Ever notice how a stationary bike works just as well as a clothes hanger? As the clothes heap on, you have an automatic excuse not to hop on and start pedaling in place.
But it might not be totally your fault. Things could be different if you had a space exclusively devoted to your equipment—and physical well being. To get back on track in time to restart last year's resolution, use these expert tips to plan and design a successful (read: well-used) exercise room in your home.
A Place to Go
If you want to avoid the sullen, expensive clothes-hanger scenario, get your exercise room out of the traffic pattern. Give yourself a room where you can concentrate with minimal distractions. It should be a destination all its own, whether it's a separate wing, a section on the lower level or a room off of the master bedroom.
To figure out how big or small your space should be, use the same design tactics you'd use when planning any room in your home. Plan adequate room for the kind of machines you're going to use and also think toward the future. If running becomes out of the question in your golden years, you'll want to swap out a treadmill for an elliptical trainer or rowing machine, both of which take up space in horizontal and vertical directions.
Flooring. You're creating an environment that needs some thoughtful support, sometimes literally. So make sure your floors can withstand the loads imposed on them. Carpeting is an effective sound insulator, but beware of heavy usage. Vinyl, cork or even bamboo may be good choices.

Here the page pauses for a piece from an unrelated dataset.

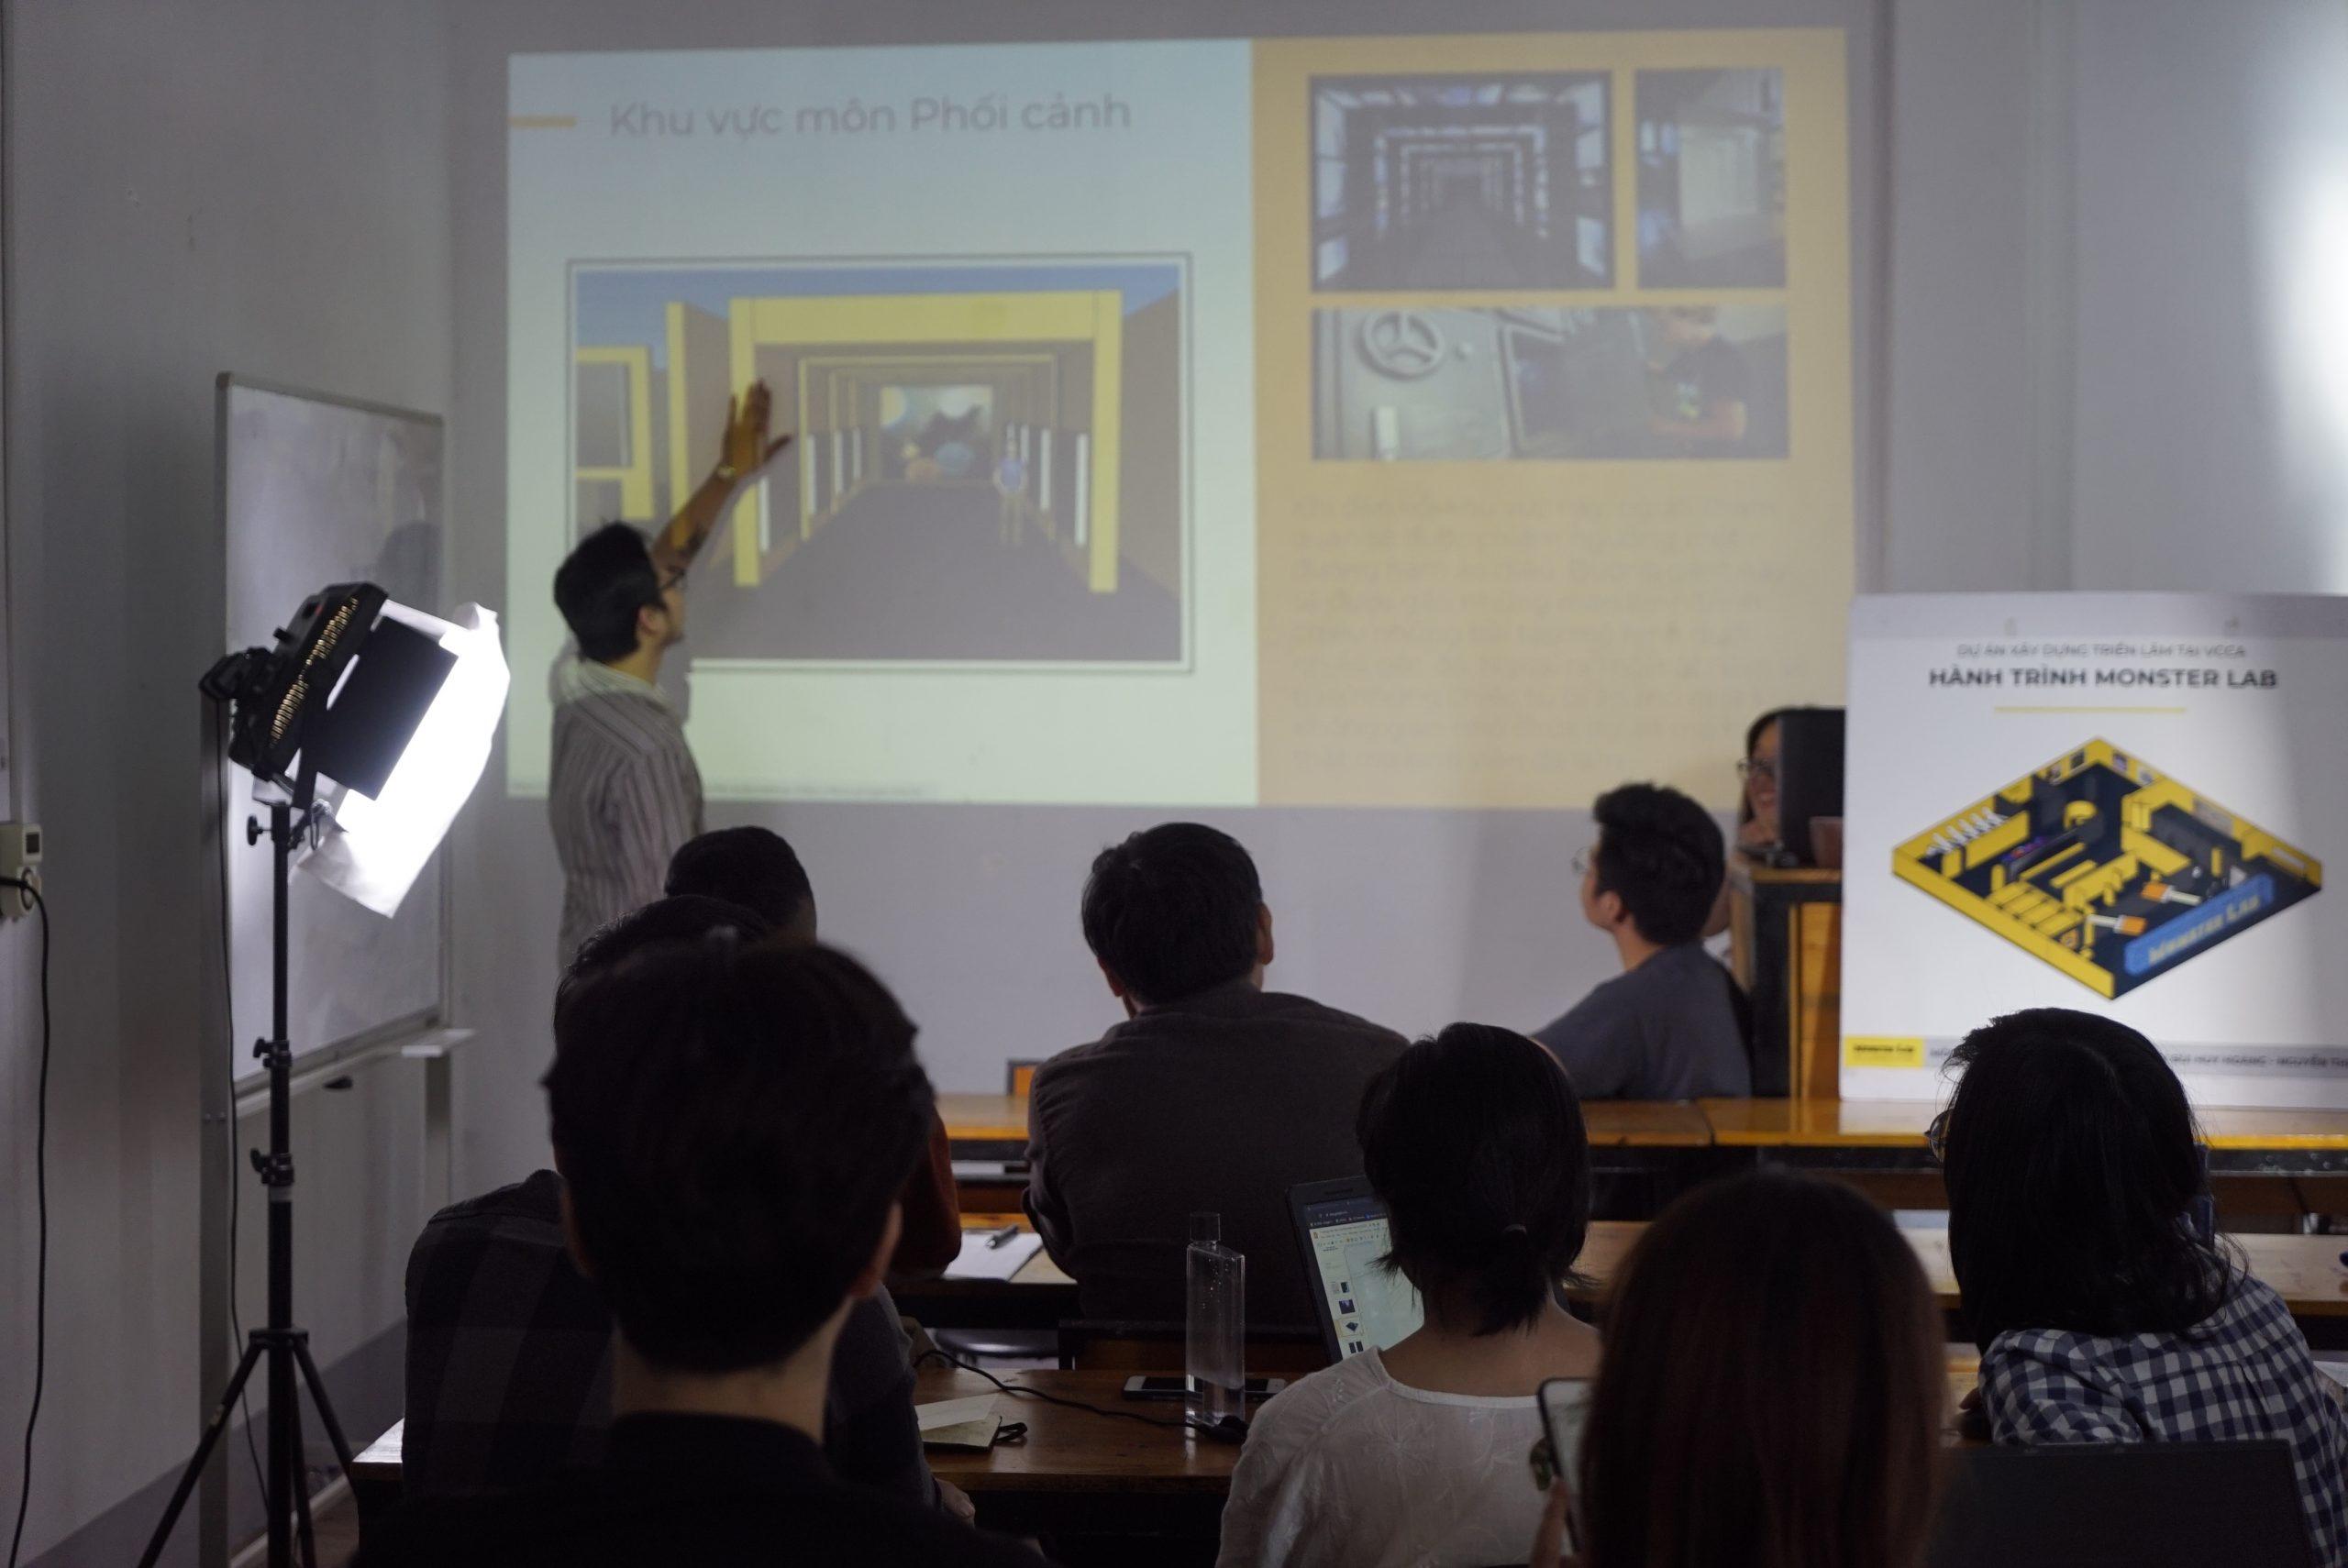 Phương pháp học tập tại Monster Lab: Học thiết kế qua trải nghiệm

Lighting. For lighting, keep it bright, cheerful and natural, if possible. Track or recessed lighting from above eliminates the need for lamps that take up valuable floor space.
Ventilation. Get that clean outside air in and stale, used gymnasium air out. Direct access to fresh air is ideal, but if you're in a basement room with no exterior windows, install an exhaust fan similar to what you'd find in a bathroom.
Electrical. Install adequate power outlets for machines, lighting and audio/visual equipment.
A good sound system is first on the list to help you get into the mood for motion, and certainly will add to the enjoyment. Next, a TV with DVD player, TiVo, VCR or other input device mounted from the ceiling or a video pole will hold your attention and make the exertion less painful.
When the 30-minute burn is over, how about a shower, steam room, Jacuzzi or sauna to pat yourself on the back? If you have the room—and the cash—for these extras, be sure to address special needs for plumbing, lighting and positioning in relation to the exercise room and the rest of your home. If these extras are a little too extra, throw in some easy-on-the-wallet serenity in the form of a water fountain, or carve out a meditation nook with a half wall or strategically placed room-divider screen.